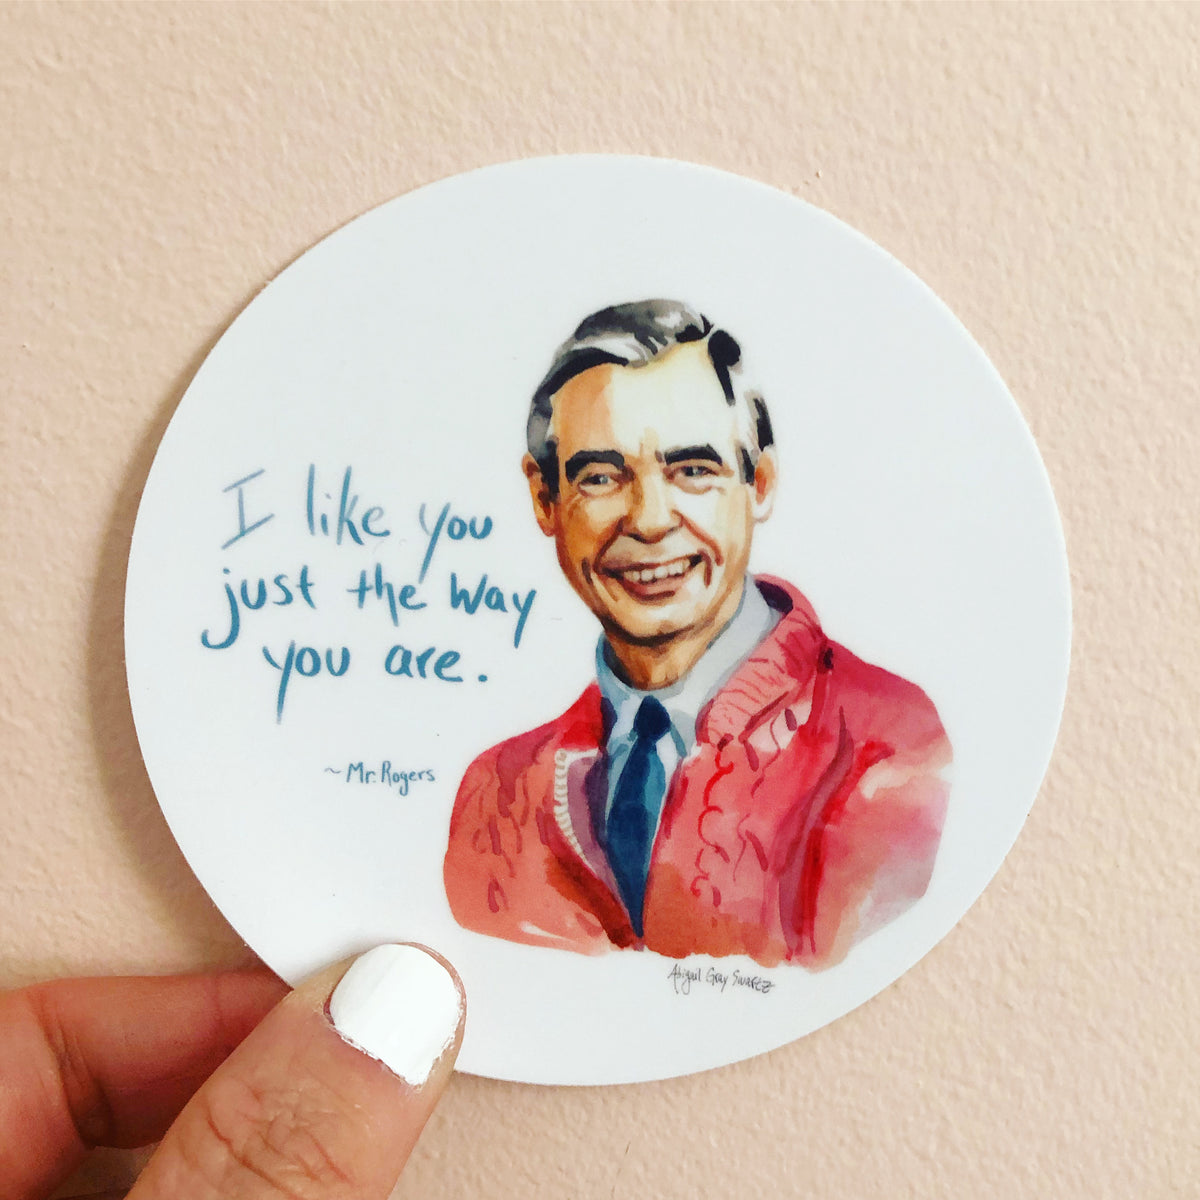 Mr Rogers portrait sticker and quote &quot;I Like you just the way you are&quot; by Abigail Gray Swartz
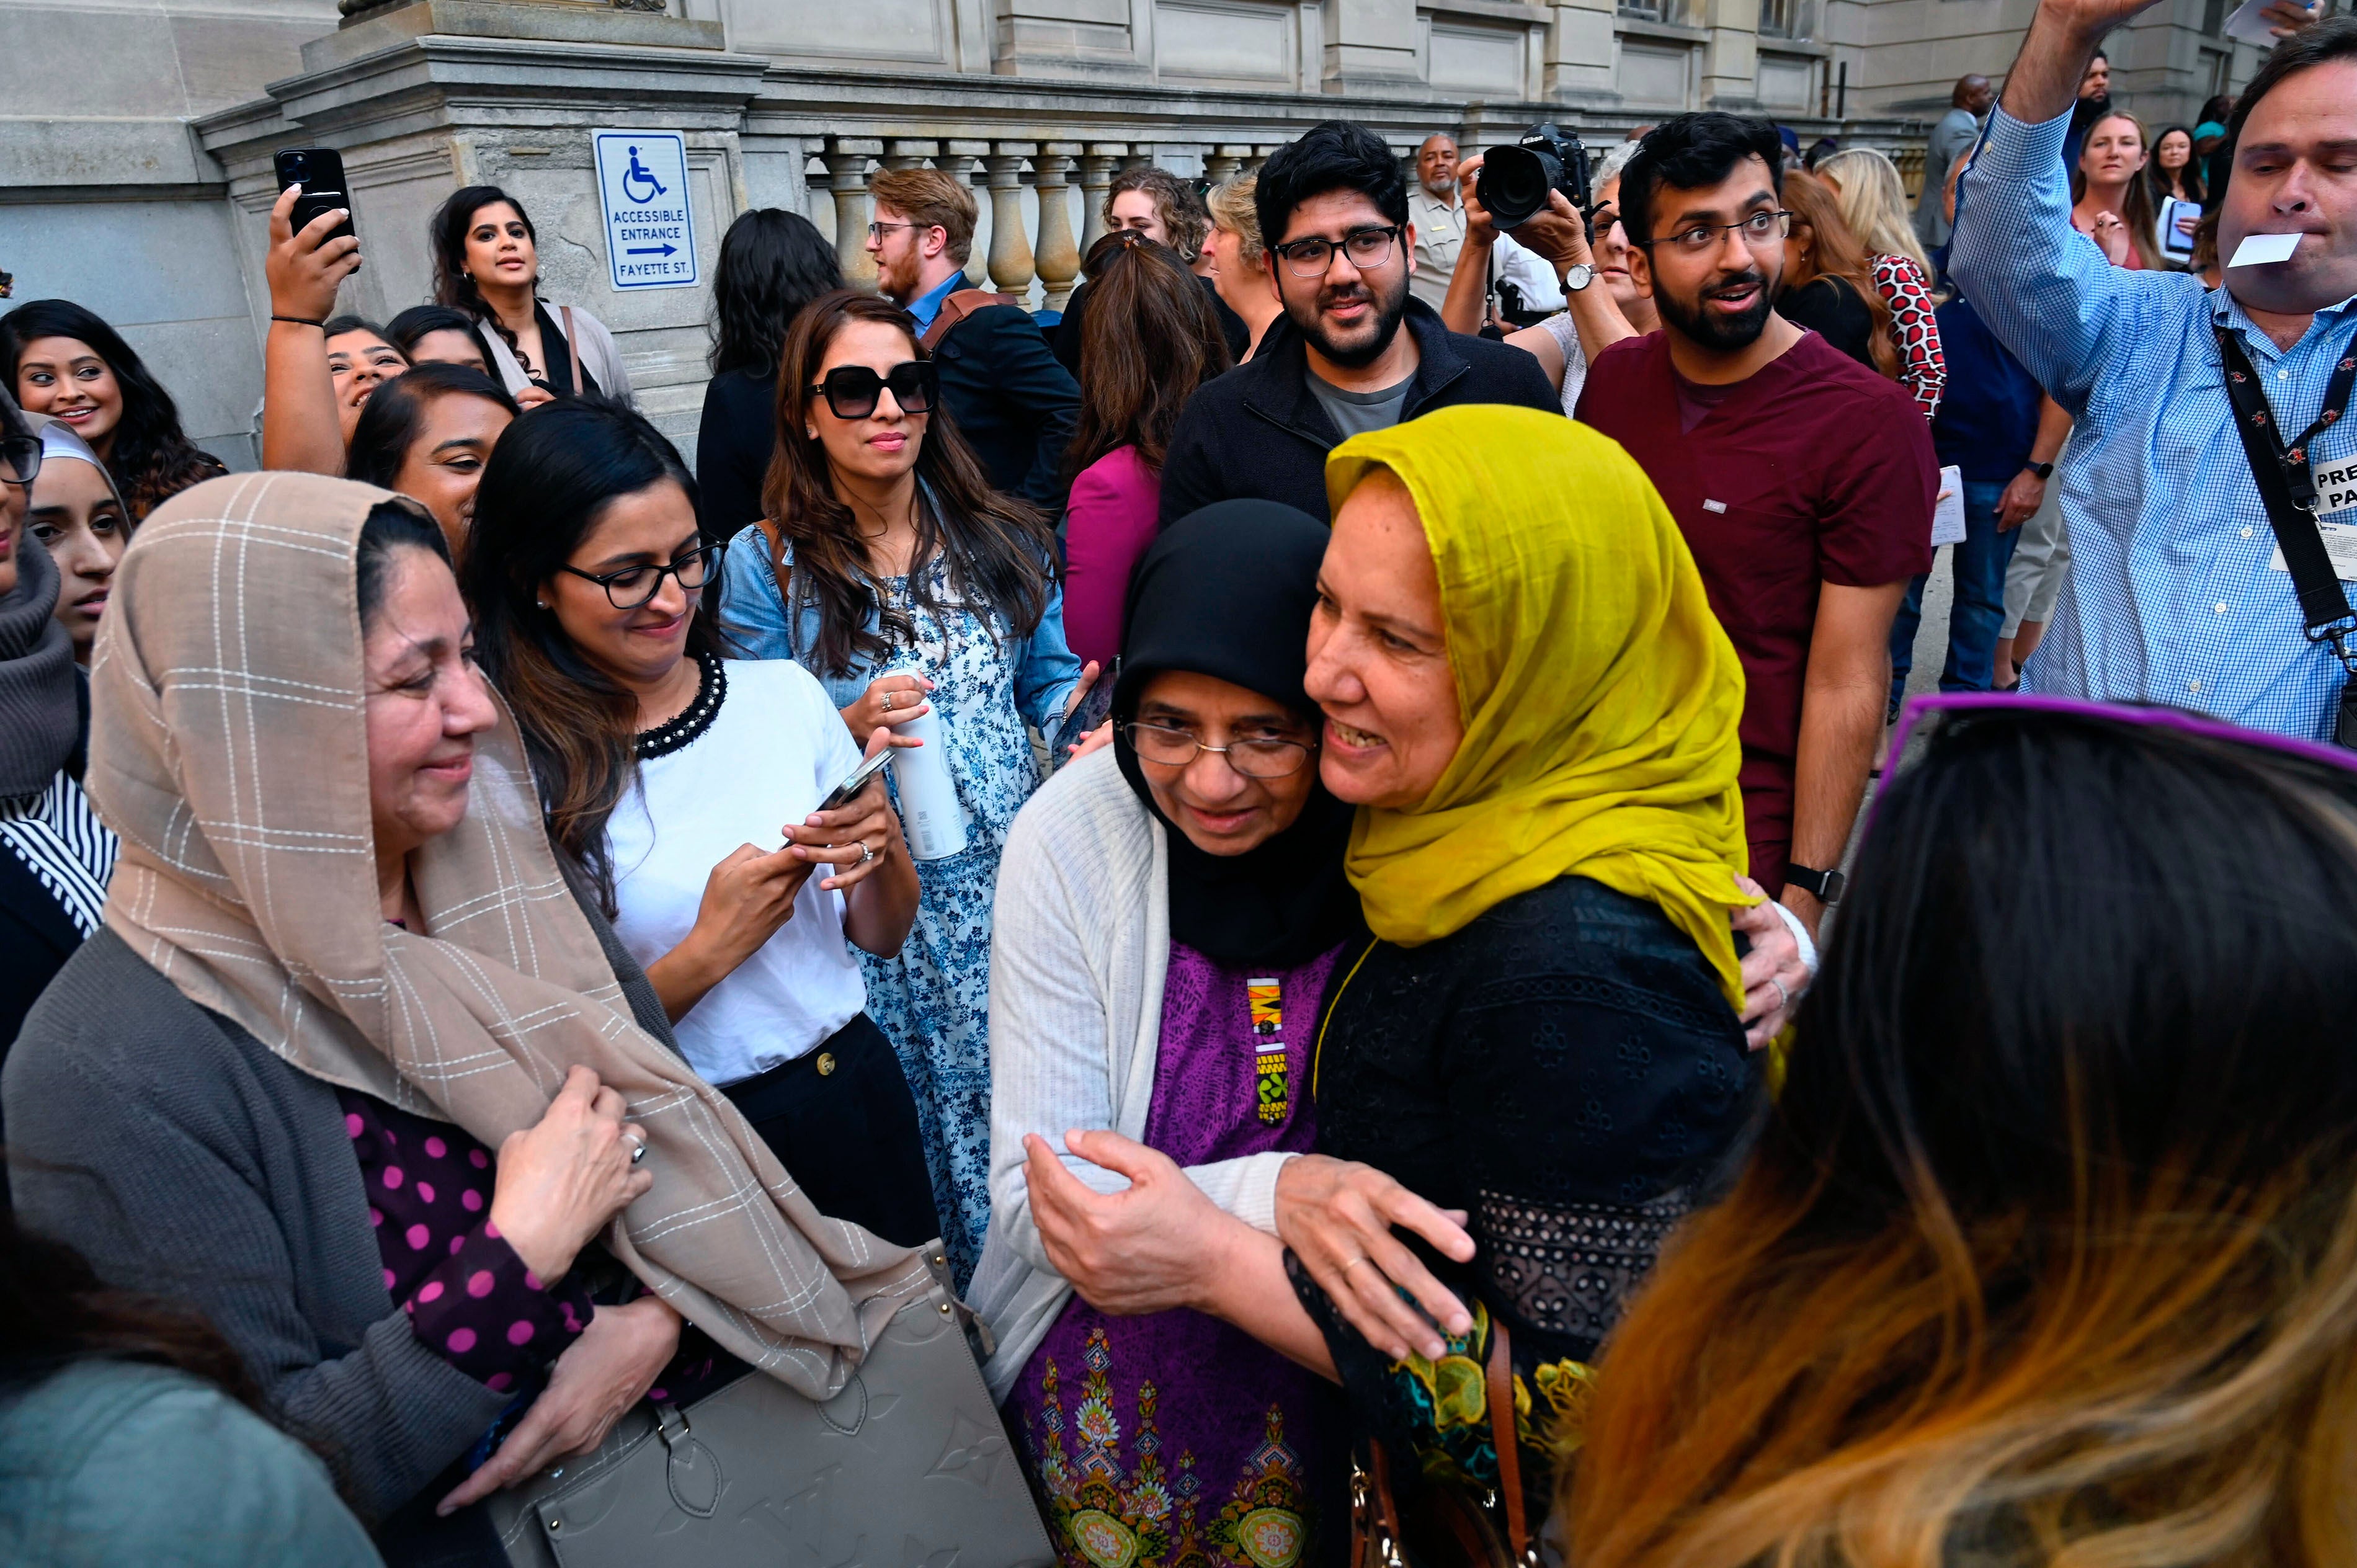 Adnan Syed’s mother, Shamim Syed, center right, celebrates with friends outside of the courthouse on Monday
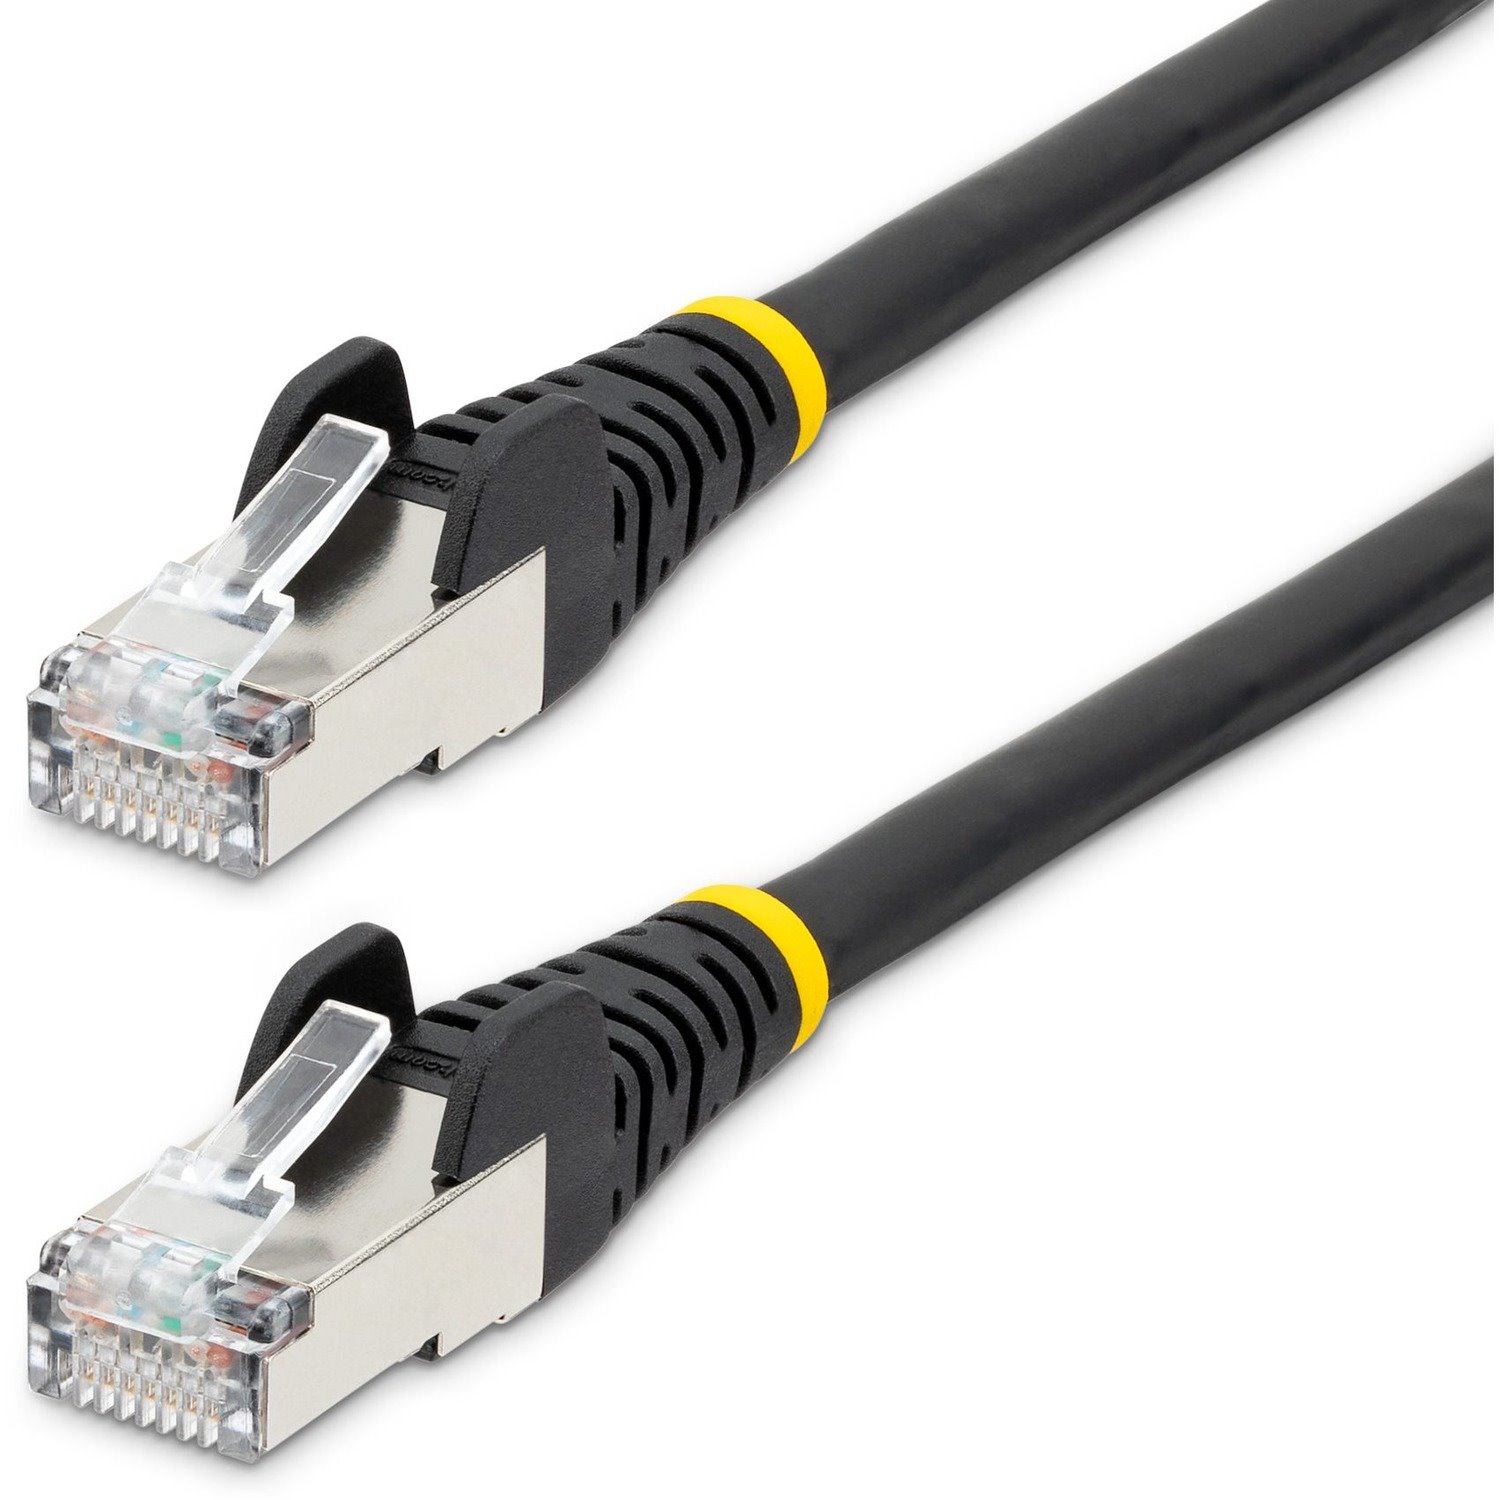 StarTech.com 10 m Category 6a Network Cable for Network Device - 1 Pack

# [Task objective]
Starting at the line that contains "Adnan Syed’s mother, Shamim", retype each line through the end of the data exactly, and leave out every picture.

# [Answer to this exercise]
 Adnan Syed’s mother, Shamim Syed, center right, celebrates with friends outside of the courthouse on Monday
 StarTech.com 10 m Category 6a Network Cable for Network Device - 1 Pack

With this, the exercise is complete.